Immune Optimization Approach for Dynamic Constrained Multi-Objective Multimodal Optimization Problems

Zhuhong Zhang; Min Liao; Lei Wang

doi:10.4236/ajor.2012.22022

American Journal of Operations Research > Vol.2 No.2, June 2012

Immune Optimization Approach for Dynamic Constrained Multi-Objective Multimodal Optimization Problems

Zhuhong Zhang, Min Liao, Lei Wang
Institute of System Science & Information Technology, College of Science, Guizhou University, Guiyang, China.
DOI: 10.4236/ajor.2012.22022 PDF HTML 5,354 Downloads 8,981 Views Citations

Abstract

This work investigates one immune optimization approach for dynamic constrained multi-objective multimodal optimization in terms of biological immune inspirations and the concept of constraint dominance. Such approach includes mainly three functional modules, environmental detection, population initialization and immune evolution. The first, inspired by the function of immune surveillance, is designed to detect the change of such kind of problem and to decide the type of a new environment; the second generates an initial population for the current environment, relying upon the result of detection; the last evolves two sub-populations along multiple directions and searches those excellent and diverse candidates.
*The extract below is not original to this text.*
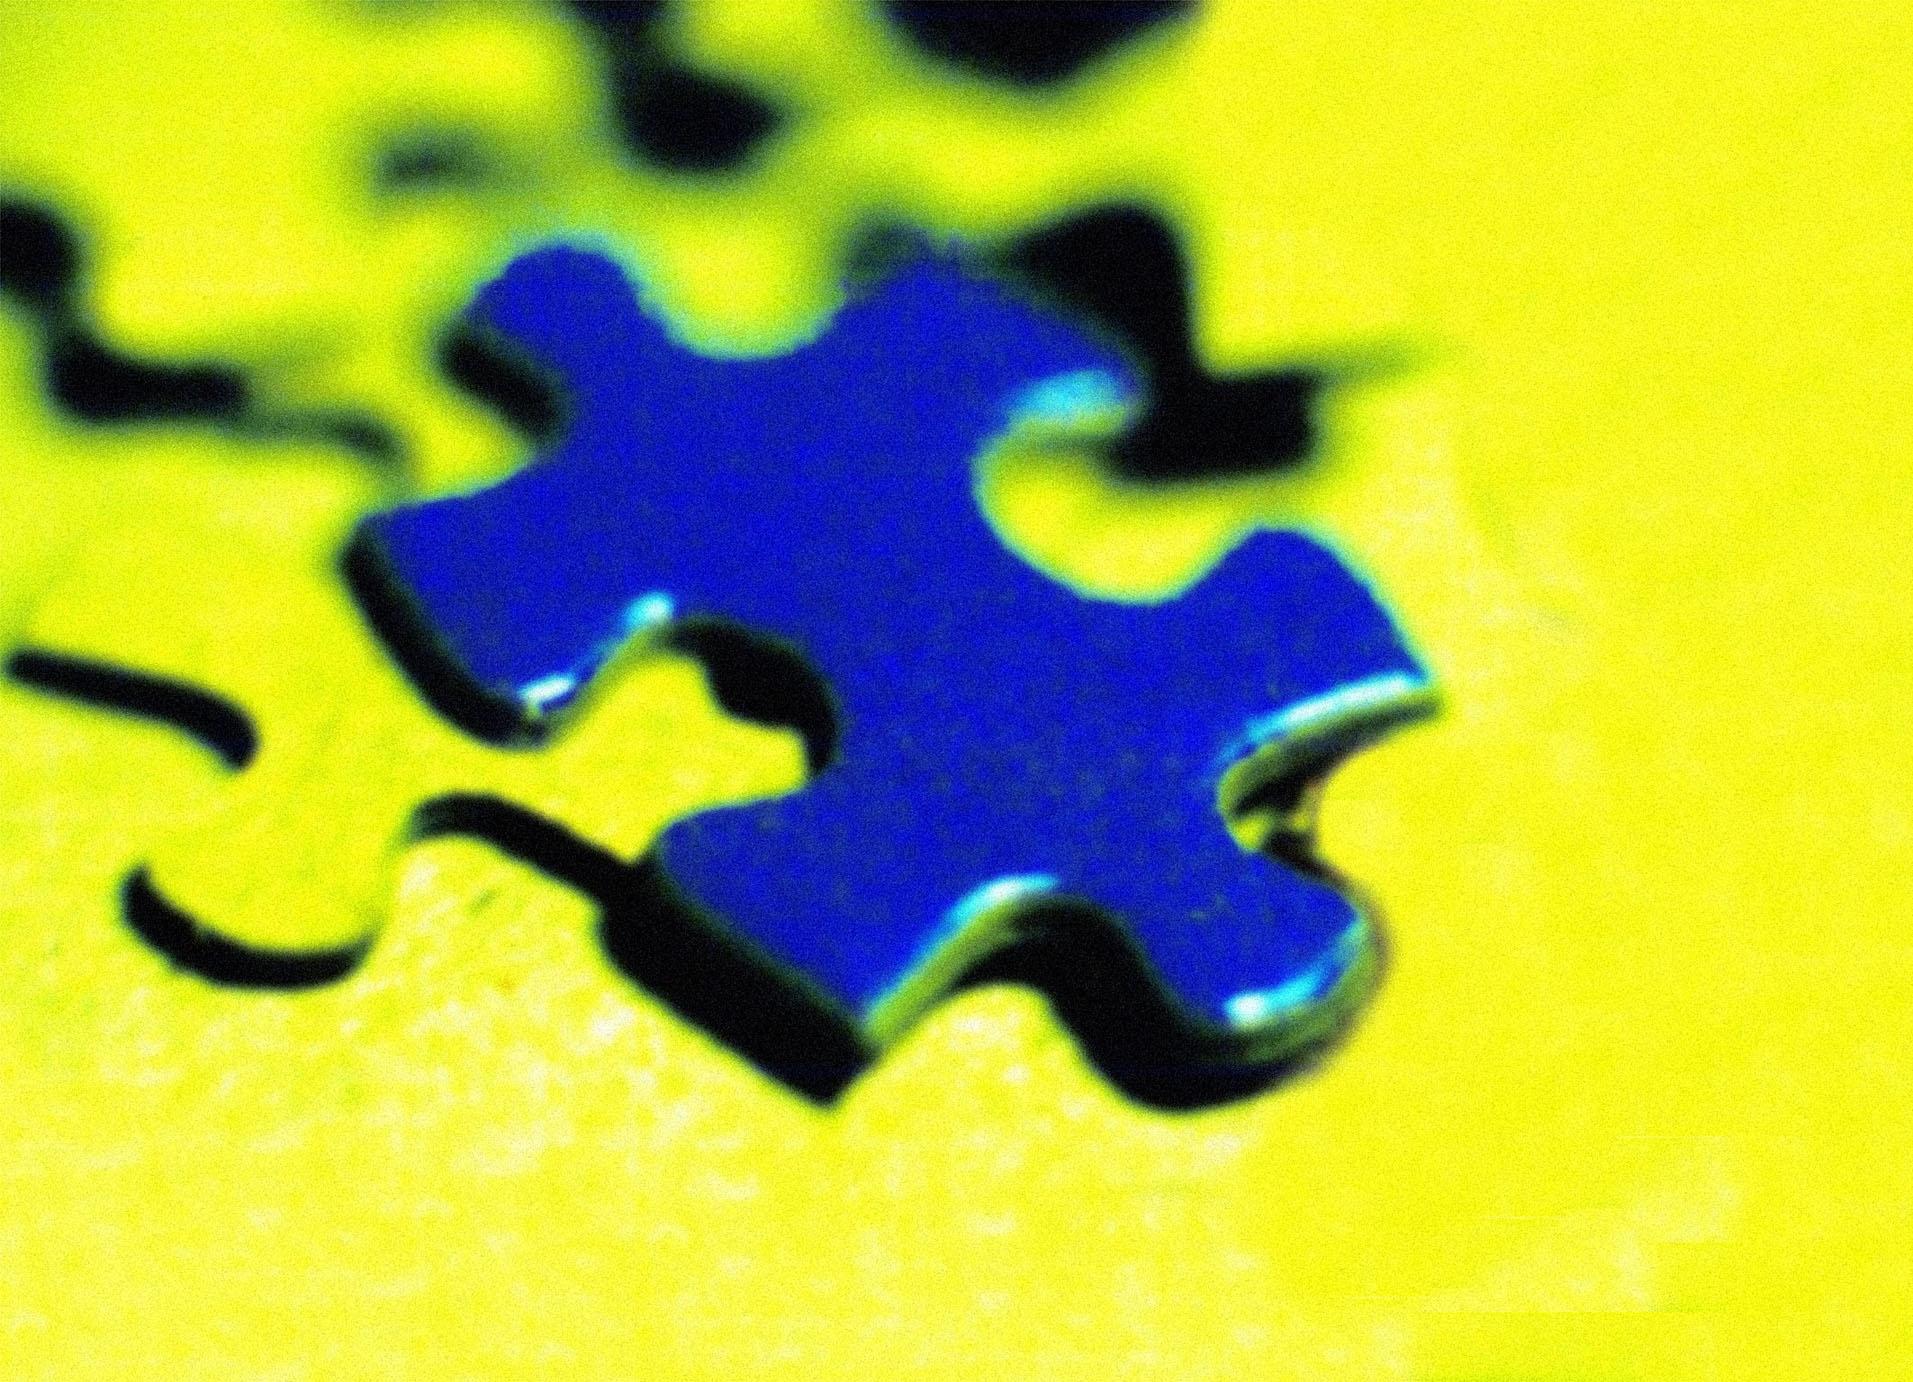 DEBITI P.A. Crediti delle imprese: migliorano i tempi di pagamento

Experimental results show that the proposed approach can adaptively track the environmental change and effectively find the global Pareto-optimal front in each environment.

Keywords

Dynamic Constrained Multi-Objective Optimization; Multimodality; Artificial Immune Systems; Immune Optimization; Environmental Detection

Share and Cite:

Z. Zhang, M. Liao and L. Wang, "Immune Optimization Approach for Dynamic Constrained Multi-Objective Multimodal Optimization Problems," American Journal of Operations Research, Vol. 2 No. 2, 2012, pp. 193-202. doi: 10.4236/ajor.2012.22022.

Conflicts of Interest

The authors declare no conflicts of interest.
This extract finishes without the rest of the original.